Localizability of Tachyonic Particles and Neutrinoless Double Beta Decay

TL;DR

This paper explores the theoretical challenges of incorporating tachyonic particles into quantum field theory, proposing a formulation that allows for localizable neutrinos with implications for neutrinoless double beta decay and superluminal neutrino propagation.

Contribution

It introduces a field-theoretic approach for localizable tachyonic particles, addressing previous issues and deriving a compact neutrino propagator with natural chirality properties.

Findings

Derived a compact neutrino propagator form

Showed natural left-handedness of neutrinos and right-handedness of antineutrinos

Discussed implications for neutrinoless double beta decay and superluminal neutrino propagation

Abstract

The quantum field theory of superluminal (tachyonic) particles is plagued with a number of problems, which include the Lorentz non-invariance of the vacuum state, the ambiguous separation of the field operator into creation and annihilation operators under Lorentz transformations, and the necessity of a complex reinterpretation principle for quantum processes.
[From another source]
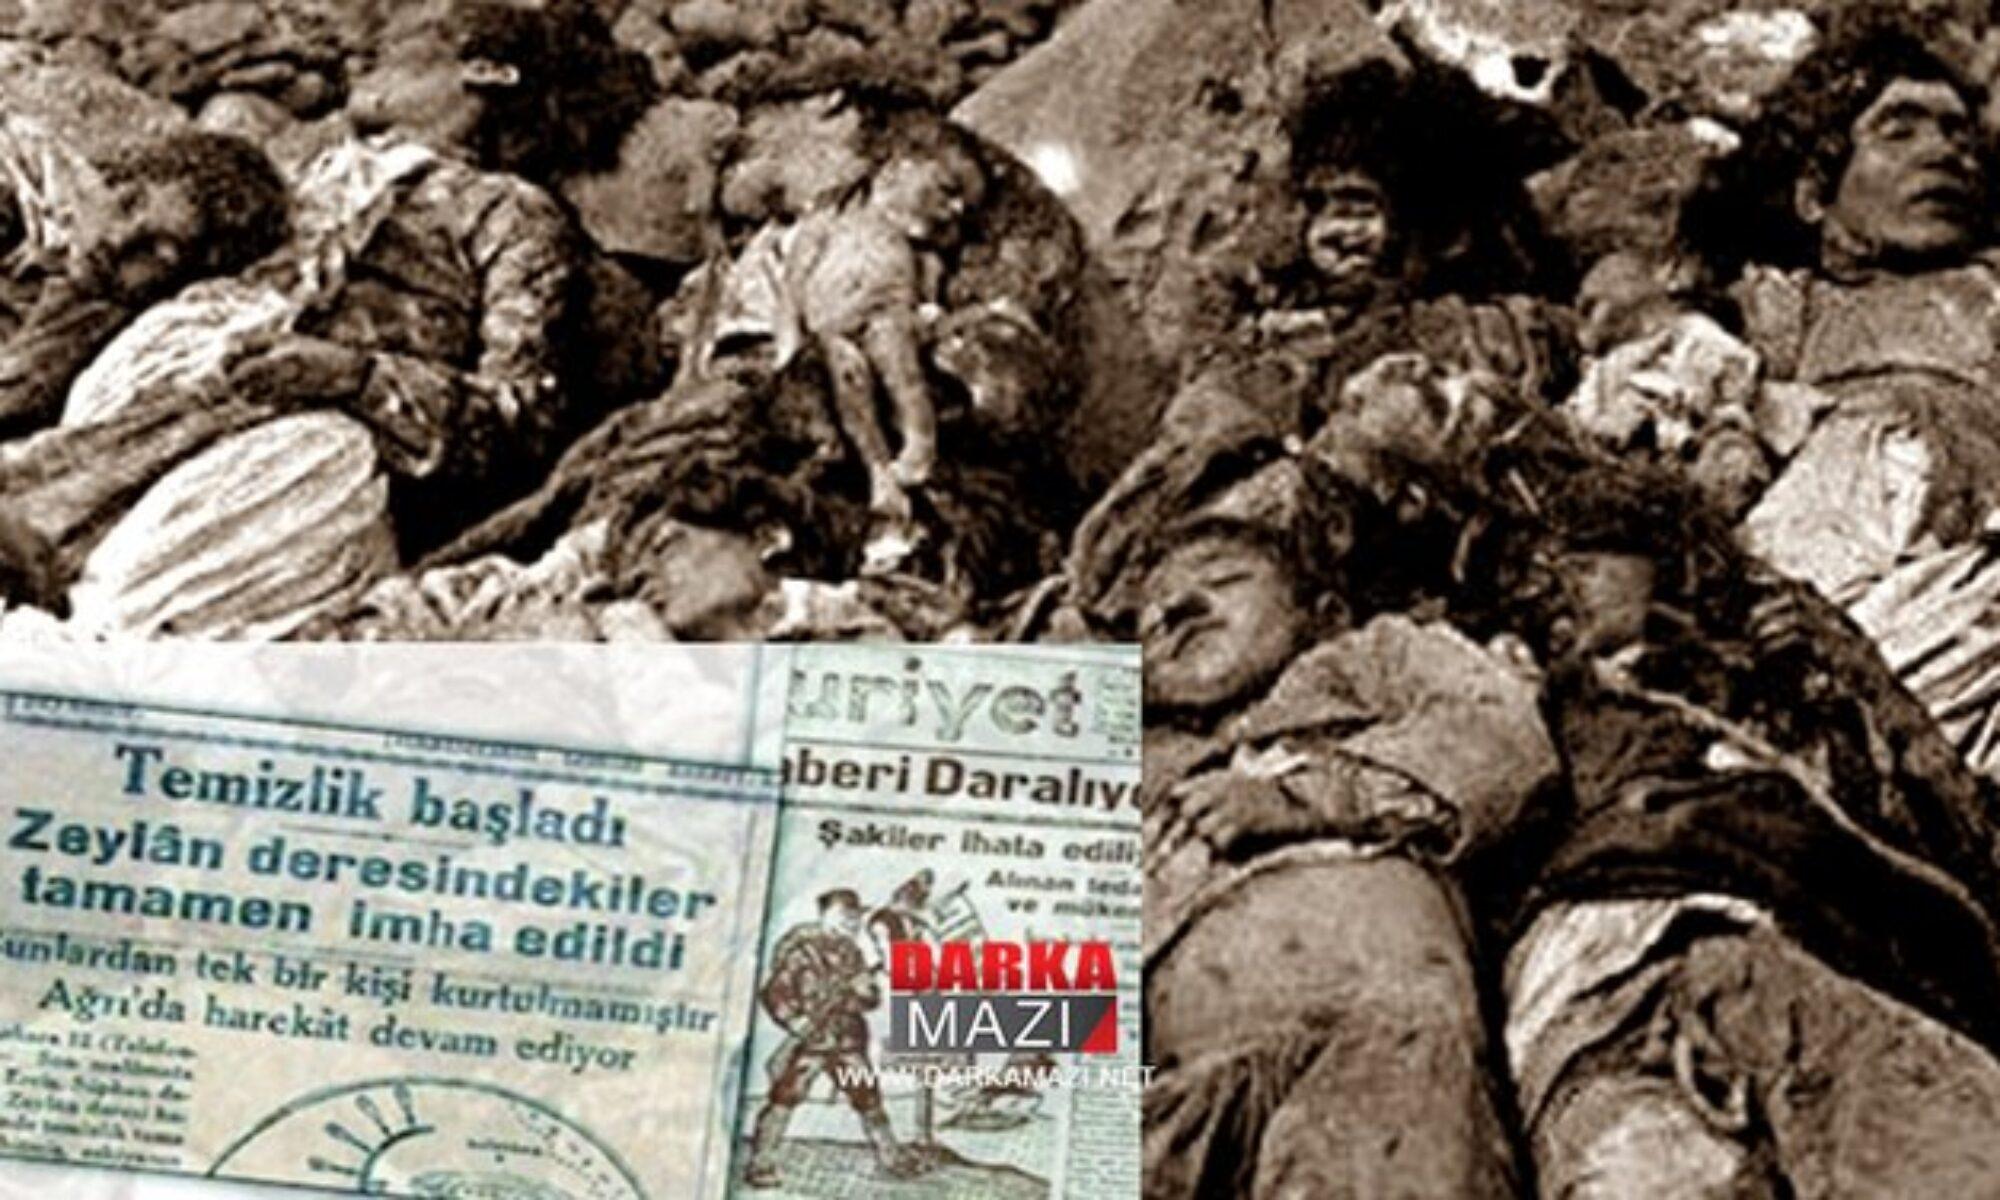 Zilan Katilamı üzerinden 91 yıl geçti Cumhuriyet GazetesiFerik Salih Omurtak komutasındaki 9. Kolordu

Another unsolved question concerns the treatment of subluminal components of a tachyonic wave packets in the field-theoretical formalism, and the calculation of the time-ordered propagator. After a brief discussion on related problems, we conclude that rather painful choices have to be made in order to incorporate tachyonic spin-1/2 particles into field theory. We argue that the field theory needs to be formulated such as to allow for localizable tachyonic particles, even if that means that a slight unitarity violation is introduced into the S matrix, and we write down field operators with unrestricted momenta. We find that once these choices have been made, the propagator for the neutrino field can be given in a compact form, and the left-handedness of the neutrino as well as the right-handedness of the antineutrino follow naturally. Consequences for neutrinoless double beta decay and superluminal propagation of neutrinos are briefly discussed.